Many people avoid going above ISO 400 for fear of noise degrading their image. Noise is not a problem if you're shooting RAW and have good light. Capture One will work wonders on the RAW files when it comes to processing. ISO on modern gear is a genuine technological advantage, so use it.
ART TECHNOLOGY
Once you learn to nail subjects with a 'high and fast' rig it becomes clear that you can capture a lot of technically correct images but with very little emotive quality. You can end up freezing the moment rather than expressing it. To me the essential quality is motion. The birds gliding low over water, the peaks of a swell breaking in the gust and the surge of the ship ploughing its way south. That sense of motion is what you want to add into the frame.
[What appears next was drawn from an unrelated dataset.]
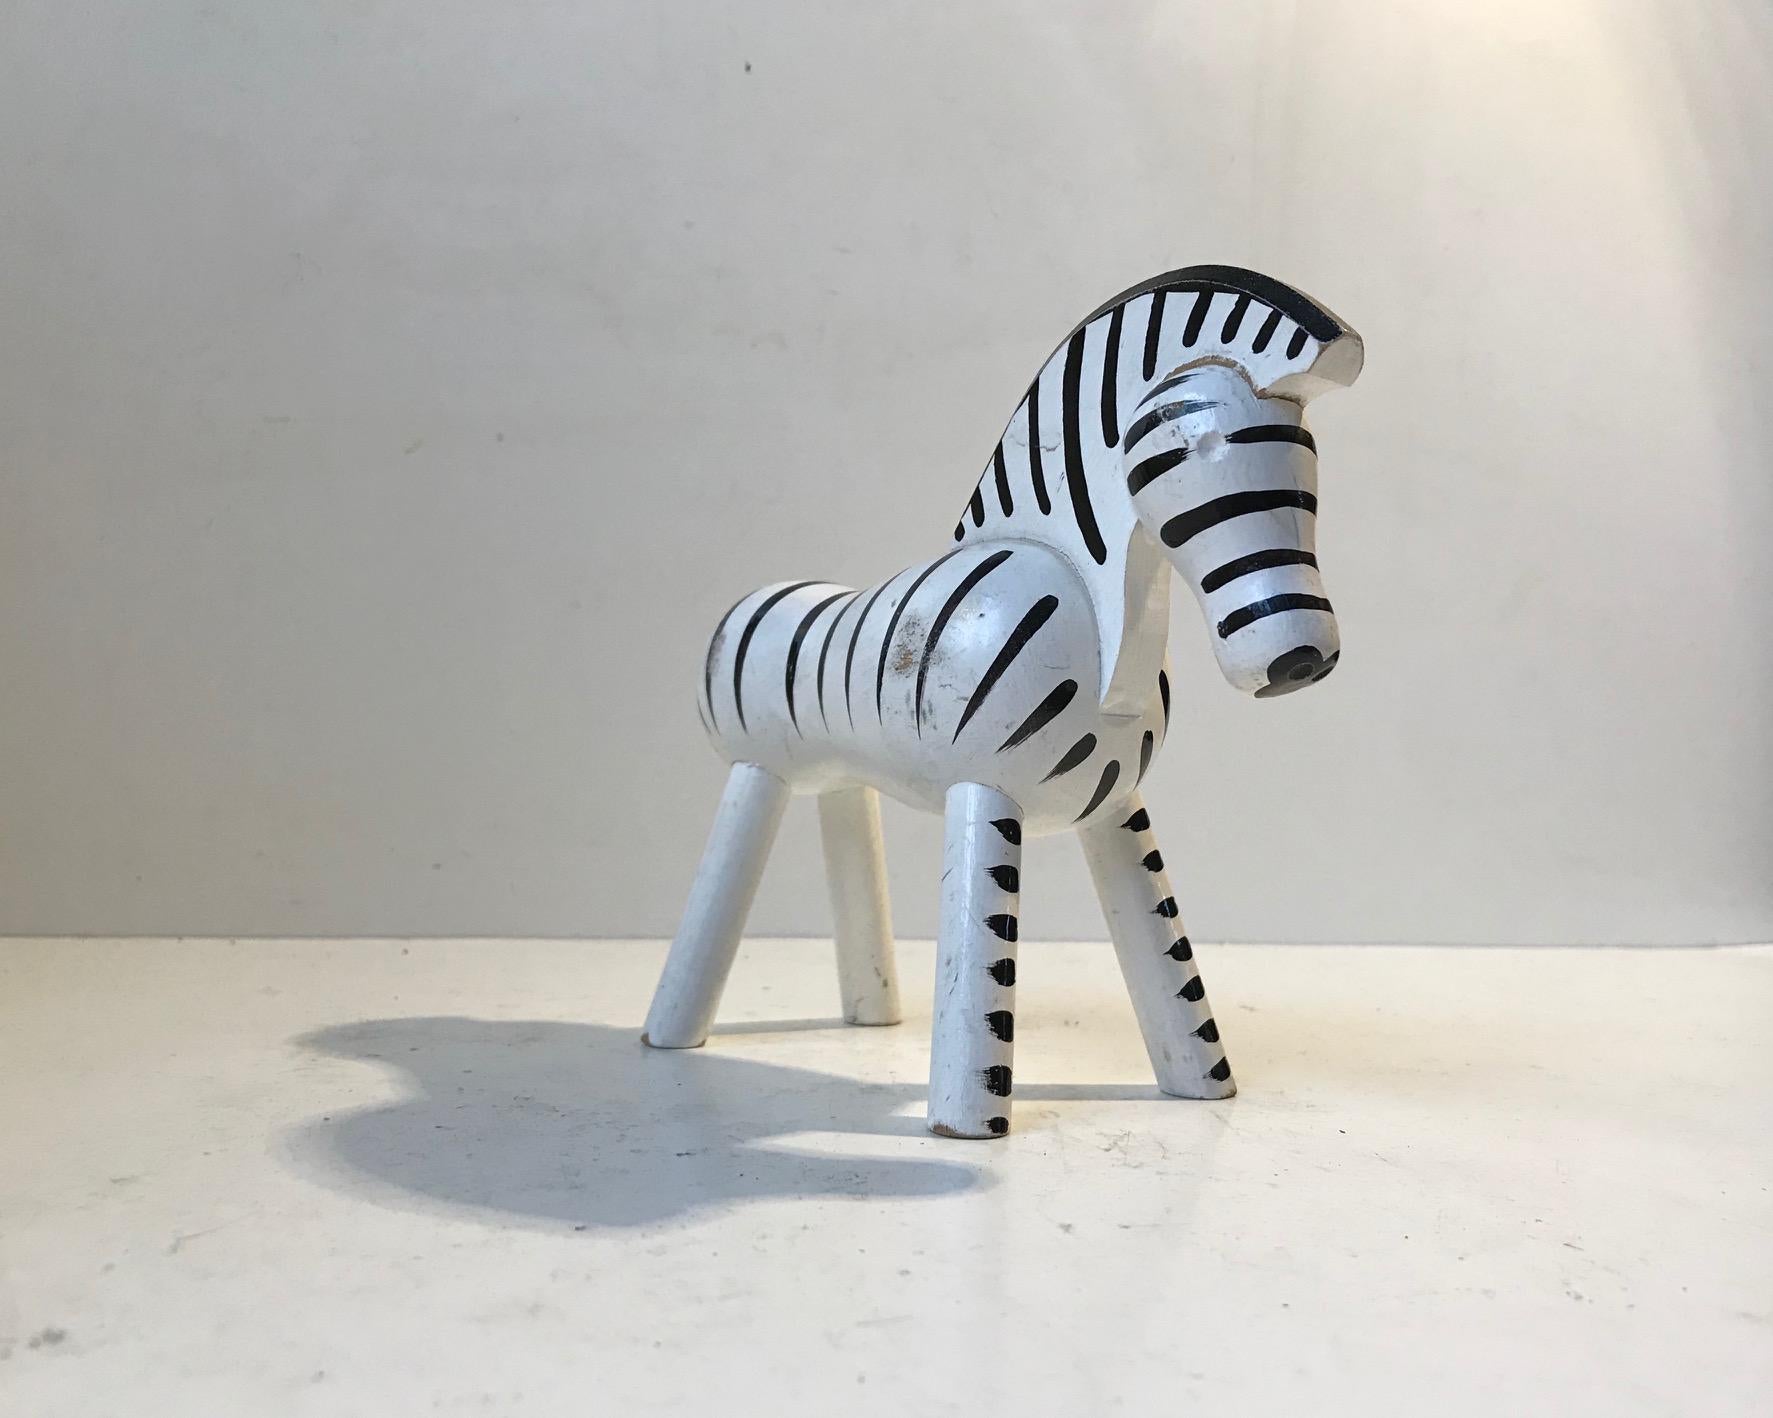 A wooden toy zebra made from Danish beech and hand painted white and black.
It was designed by Kay Bojesen in 1936. This particular example was manufactured in the 1950s. It has been played with and it shows in the most charming way and in all the

One approach I tried was to capture both the wild waves and the elegant albatross together in a single frame. Without land to act as a reference, the magnitude of the swell is hard to convey. Plus the conditions that offer such drama are often the same conditions that prohibit passengers from standing on deck with two hands holding a camera instead of the rail.
My second plan was to revert to my old habit of slow-shutter panning. This time I wasn't going to shoot at 1/30th of a second, because shooting a moving target from a moving platform is hard enough but a telephoto lens simply exaggerates the smallest of timing errors. Instead I went up to 1/160th of a second and had to be very very patient for conditions which gave me dramatically different relative speeds between the birds and the water.
When sailing into the swell the ship would manage about 6knts, and the albatross would slip past us at moderate speed. You can pan very gently on the birds and get some strong blurring effect from the background waves. I spent hours waiting for the right bird to swoop low and close to the ship, and 95% of my pans were too rough to call it a success. But a few frames nailed it, and that's all you need.
GOOD TIMES
The hours spent on the back of a boat in blustery swell will put you in good stead for future opportunities. The waddle of penguins emerging from the surf, a chance sighting of a New Zealand Snipe dashing through the mega-herbs or an Antarctic Tern flitting overhead with a fish in its beak - these sudden moments will seem much more manageable having explored your equipment in a tough setting like the Southern Ocean. Knowing how your telephoto lens reacts, the lag in focus times and effectiveness of the AI focus modes are valuable assets to travel with to the far south.